The struggle for an autonomous social time fund corresponds to a demand for “natural” and material resources. One aspect of disconnection is certainly the collective and self-financed acquisition of means of production, in the widest sense of the term: before the old Marxist groans, he should recall that his patriarch Karl Marx considered the “total buy-out” of English capital by the associated English “working class” possible. What is thinkable on a grand scale is also possible on a reduced scale. This procedure, however, is obviously not enough for our purposes. It is, in addition, necessary to demand actual resources like land, buildings and means of production from the State and capital for free and autonomous utilization, especially now when, in the midst of the crisis, resources of all kinds remain idle. The movement of the youth centers and squats in West Germany, as well as the land occupation movement in many parts of the Third World, has already affirmed such demands in an embryonic form, from completely different motives. It is not surprising that, until now, such movements have not acted in accordance with the perspective of a supersession of the system of commodity production.
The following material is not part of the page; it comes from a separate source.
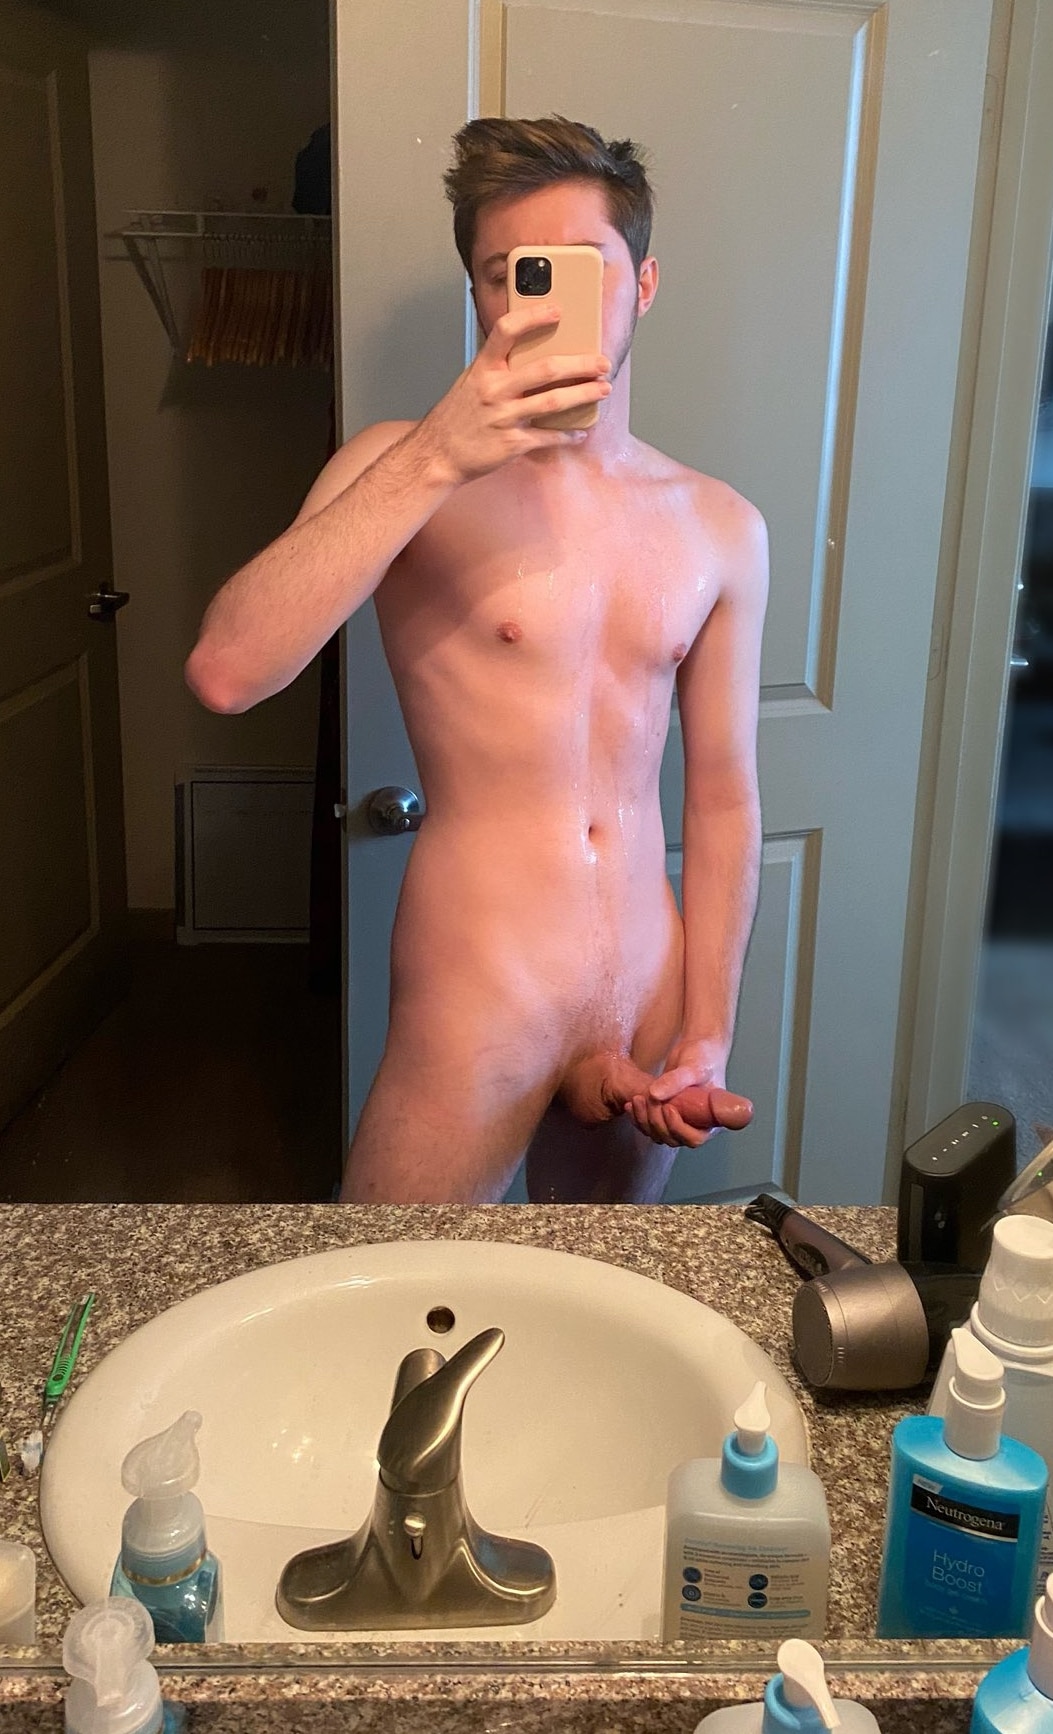 Nude guy jerking off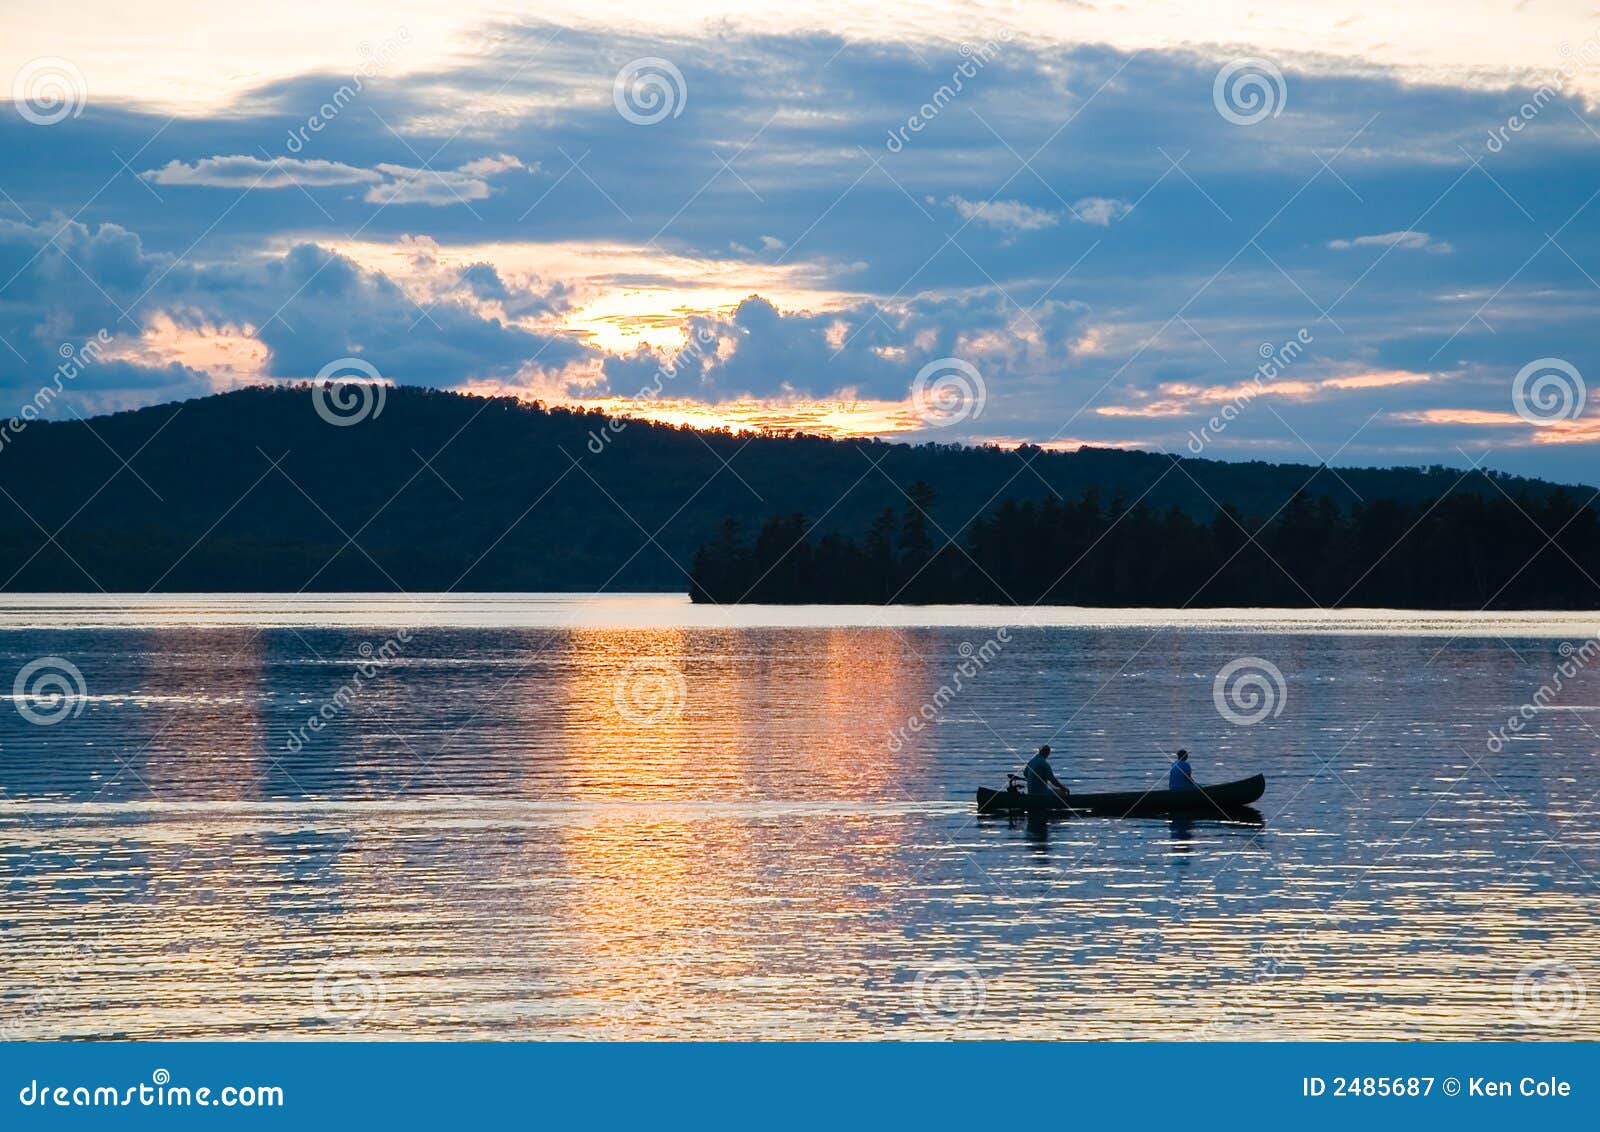 canoe on lake at sunset

But this could change, to the degree that this perspective is elaborated and the options within the market economy are simultaneously revealed to be illusions.
With this, we see that there could be a way to link into a network—whether for information purposes or for organizing—the demands or conflicts immanent to the system and a movement of disconnection or of supersession. This would be, corresponding to the stage of development of the microelectronic productive forces, the future form of organization of the radical critique of society: instead of the duality of “party and trade union”, with the corresponding principle of static, hierarchical and authoritarian organization, in the image of their relation with the State and the market, a flexible form will arise (and one which would be hard to subjugate or “intimidate”) of a movement linked into a network of diverse initiatives, on diverse planes.
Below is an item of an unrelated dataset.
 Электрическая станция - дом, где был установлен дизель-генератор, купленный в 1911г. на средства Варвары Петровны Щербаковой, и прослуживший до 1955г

This applies equally to the content as well as the “multidimensional” character of the base organizations. What is essential is that the initiatives of a movement of disconnection do not allow themselves to be unilaterally restricted. To a broadly anti-economic orientation one must add the respective anti-political orientation. The conceptual definition of politics, on the left, leaves much to be desired. As it is generally understood, it includes the general activity of criticism of society, from the dissemination of theoretical contributions to anti-fascist action. In the strictly conceptual sense, however, “politics” is nothing but activity carried out positively in relation to the State, analogous to “economics” as an activity carried out positively in relation to capital’s system of commodity production. Thus, anti-politics would be an activity of autonomous criticism of society, which no longer has the State, as a structural form, as a positive goal, in the sense of “seizing power”, just as anti-economics, as a rudimentary form of a socially distinct kind of reproduction, no longer acts positively within the categories of the commodity form.
Towards this end, all categories of critique must be addressed, although with other objectives and contents. A movement of disconnection cannot limit itself to the anti-economic problematic of reproduction (which would have been the “economic struggle” in the old terminology). Anti-politics means the observation and incorporation, in practical terms, of all social phenomena: from cultural development to racism, from bourgeois production to the crisis of the nation State and international institutions. And, on a more fundamental plane, the relation between the sexes is an “anti-political” fact. The objective in these interventions no longer consists of “translating” commercial and monetary interests into the political system, but in showing, with respect to every domain, that the system of commodity production of modernity as well as its political institutions have reached their historic end and that they are capable of permanently crippling the life of humanity, and must therefore be replaced.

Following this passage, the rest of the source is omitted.